141 Ill. App. 297 | Ill. App. Ct. | 1908

Mr. Justice Smith

delivered the opinion of the court.

The beneficiary certificates shown in the record contain the usual provisions in such certificates to the effect that the member must comply in the future with the constitution, laws, rules and regulations governing said Union and its funds, at the time the certificate was issued, and that might thereafter be enacted by the Union, and that such rules, regulations and laws are made a part of the certificate; and particularly, that any benefit to be paid thereunder or any beneficiary named therein might be revoked, altered or changed, and substitution had at the request in writing of the acceptor of the certificate. Such request was to be made in accordance with the laws of the Union then in effect and governing the manner and form thereof, and such change must be approved by the proper officers of the Union before becoming effective.

Chapter 3, section 199, of the constitution and bylaws of the Union provides:

“Any member holding a beneficiary certificate desiring at any time to make a new direction as to its payment may do so by authorizing such change in writing on the back of the certificate in the form prescribed, attested by the secretary, with the seal of the society attached, and by the payment to the general secretary of the sum of 50 cents. But no change of direction shall be valid or have any binding force or effect until such change shall have been reported to the general secretary, the old certificate, if possible, filed with him, the change approved by the Executive Council and the new beneficiary certificate issued and said new certificate shall be numbered the same as the old certificate and be endorsed as having been issued upon the surrender of the old certificate, and all other formalities provided for upon the issuance of an original certificate shall be complied with upon the issuance of a changed, altered or new certificate, provided should it be impracticable for the recording secretary to witness the change desired by the member, attestation may be made by a notary public or an officer of the court of record, seal to be attached in attestation.”

Section 200 of the constitution and laws of the Union is as follows: “Parol evidence of a member’s intention or desire to change his beneficiary must be disregarded. ’ ’

Section 201 provides:

“In case a benefit certificate is lost or beyond a member’s control the member may in writing surrender all claim thereto and .direct that a new certificate be issued to him payable to the same or a new beneficiary or beneficiaries in accordance with the laws of the Union upon making affidavit of the facts in the case and upon the approval of the same by the society, and such facts being satisfactory to the Executive Council and paying a fee of 50 cents.”

The record shows that on or about June 15, 1905, Peter Kiolbassa signed the following document of that date, addressed to the general secretary of the Union:

“Dear Sir:

I, the undersigned, ask to have the certificate wherein my wife, Antonina Kiolbassa, is the beneficiary for the sum of Seven Hundred and Fifty ($750.00) Dollars, issued to me by said Union cancelled and made null and void, and direct that a new one be issued to me for the same amount, as follows: To Antonina Kiolbassa, my wife, the sum of Three Hundred ($300.00) Dollars,.and to the Church of Sw.
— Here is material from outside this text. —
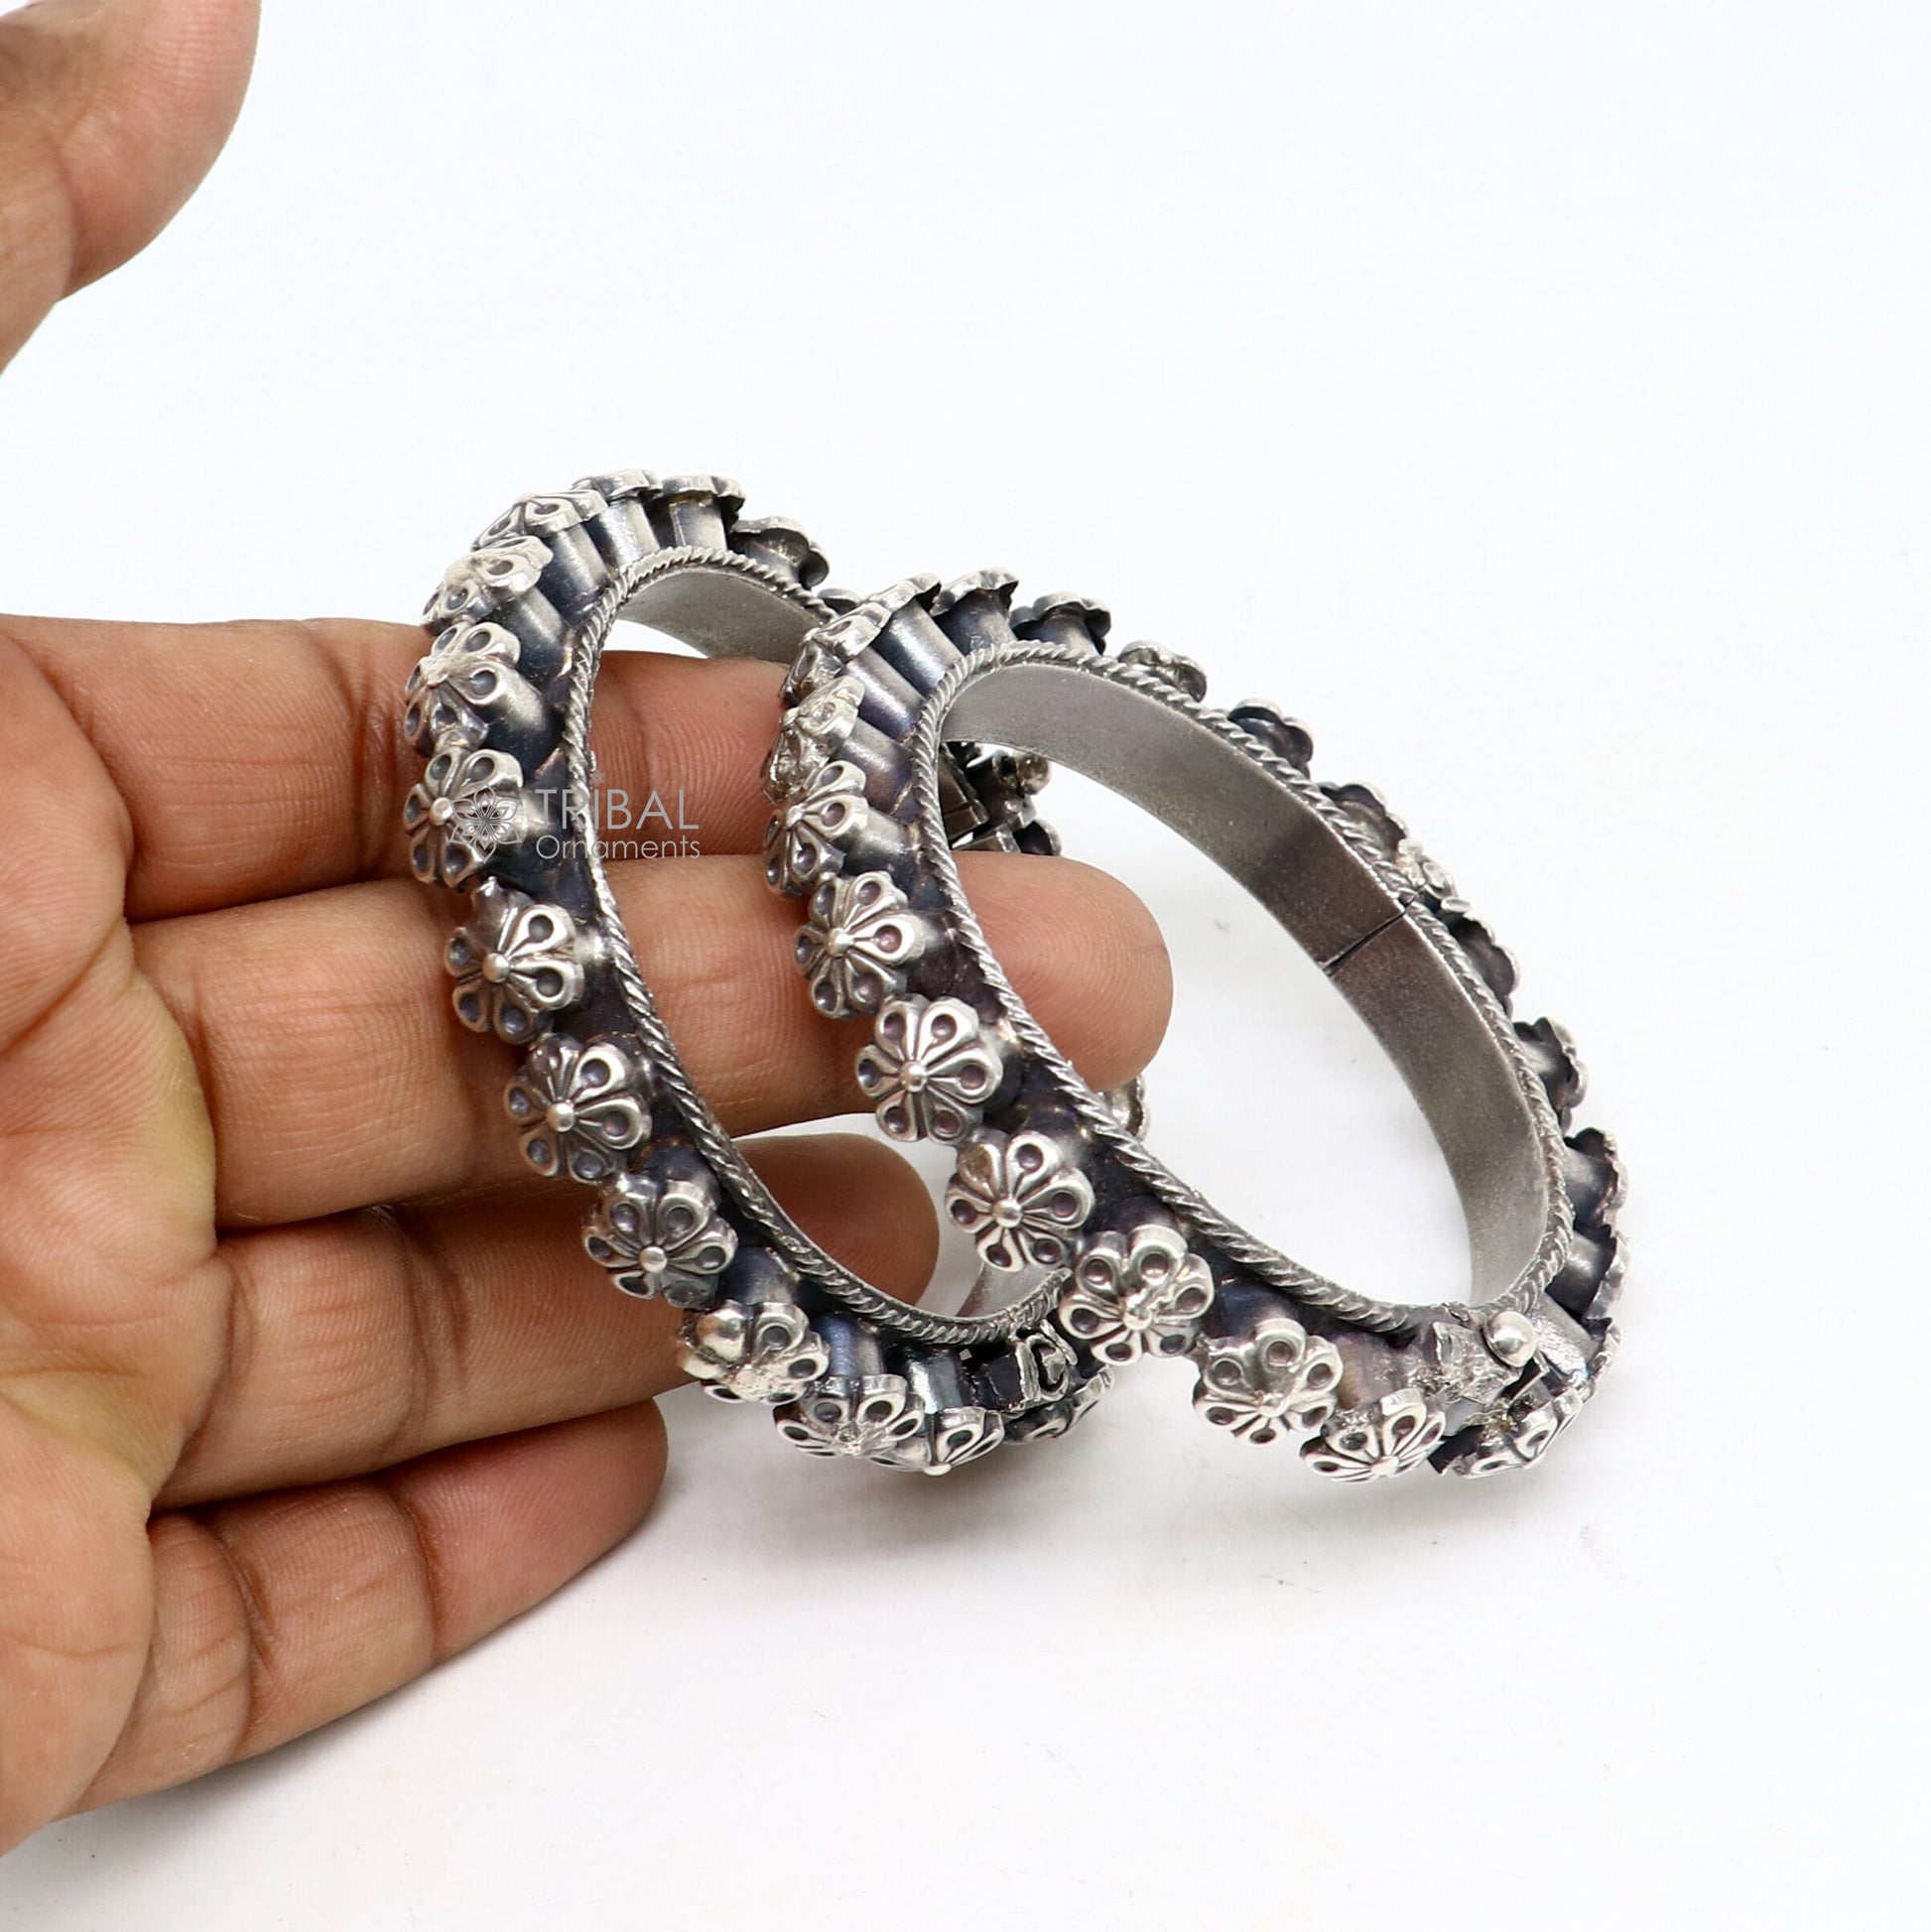 Exclusive trendy 925 sterling silver handmade unique tribal cultural bangle bracelet kada functional brides wedding jewelry nba385 - TRIBAL ORNAMENTS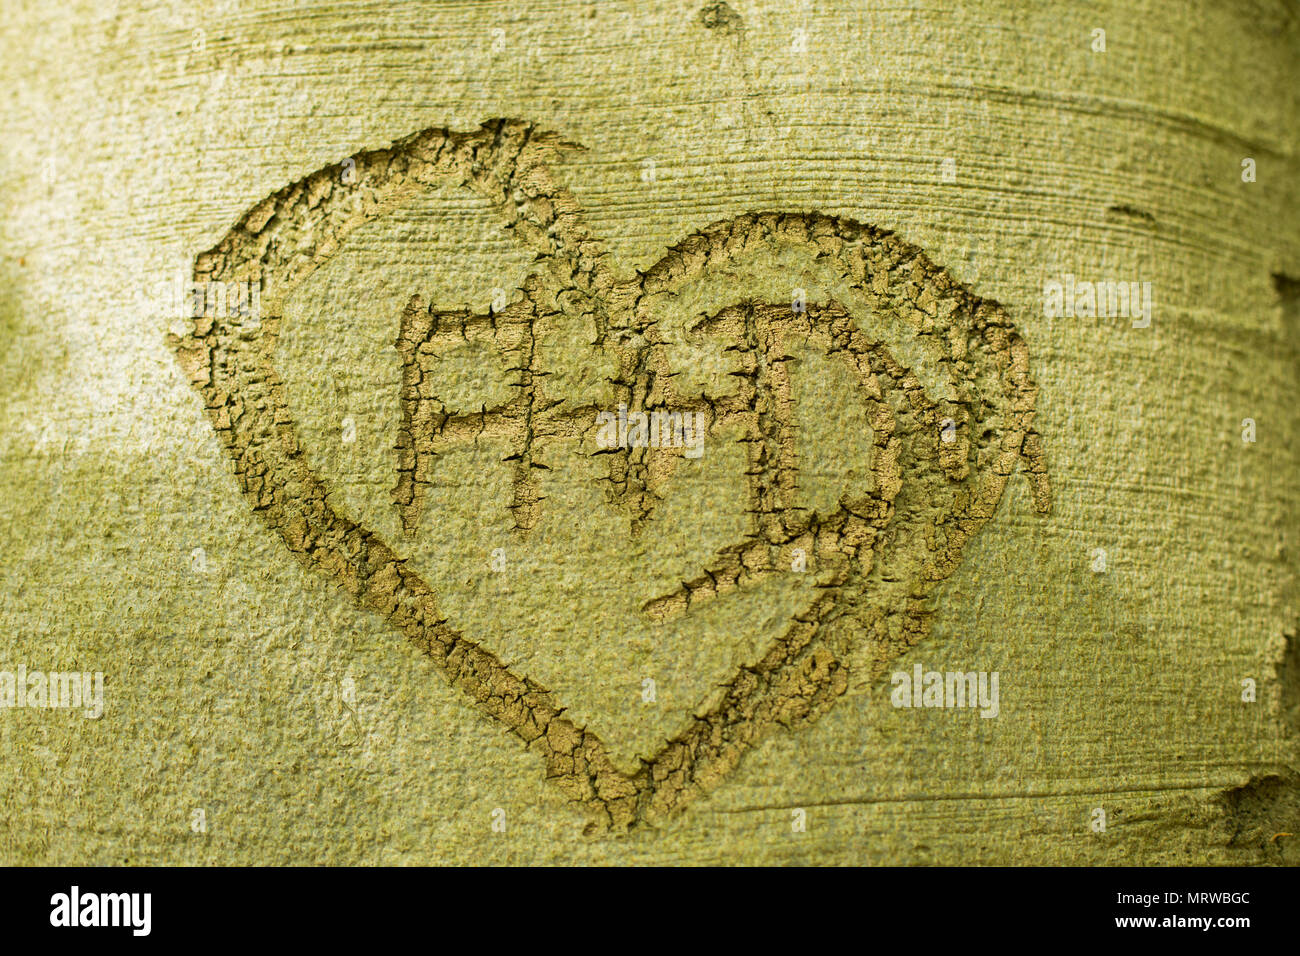 Heart carved in tree bark with letters A+D, Germany Stock Photo

Stanislawa Kostki, Chicago, Illinois, the sum of Four Hundred Fifty ($450.00) Dollars, hereby revoking and cancelling all other certificates issued to me prior to above date by the Polish Roman Catholic Union of America.

Signed in presence

Peter Kiolbassa.”

On that date the Union issued a new certificate to Peter Kiolbassa wherein appellant, his wife, was made.a beneficiary for $300, and appellee Kosciol Sw. Stanislawa Kostki, Chicago, Ill., was made a beneficiary for $450.

It is conceded that the Complainant Union was formed to include in its membership only the membership of the Roman Catholic Church. Under the amendment of the statutes relating to Fraternal Insurance Associations made in 1901, benefits might be made payable to religious or charitable institutions. No question, therefore, of want of authority under the statute, and by-laws of the Union, to make appellee a beneficiary in the certificate is raised by the record or presented for consideration.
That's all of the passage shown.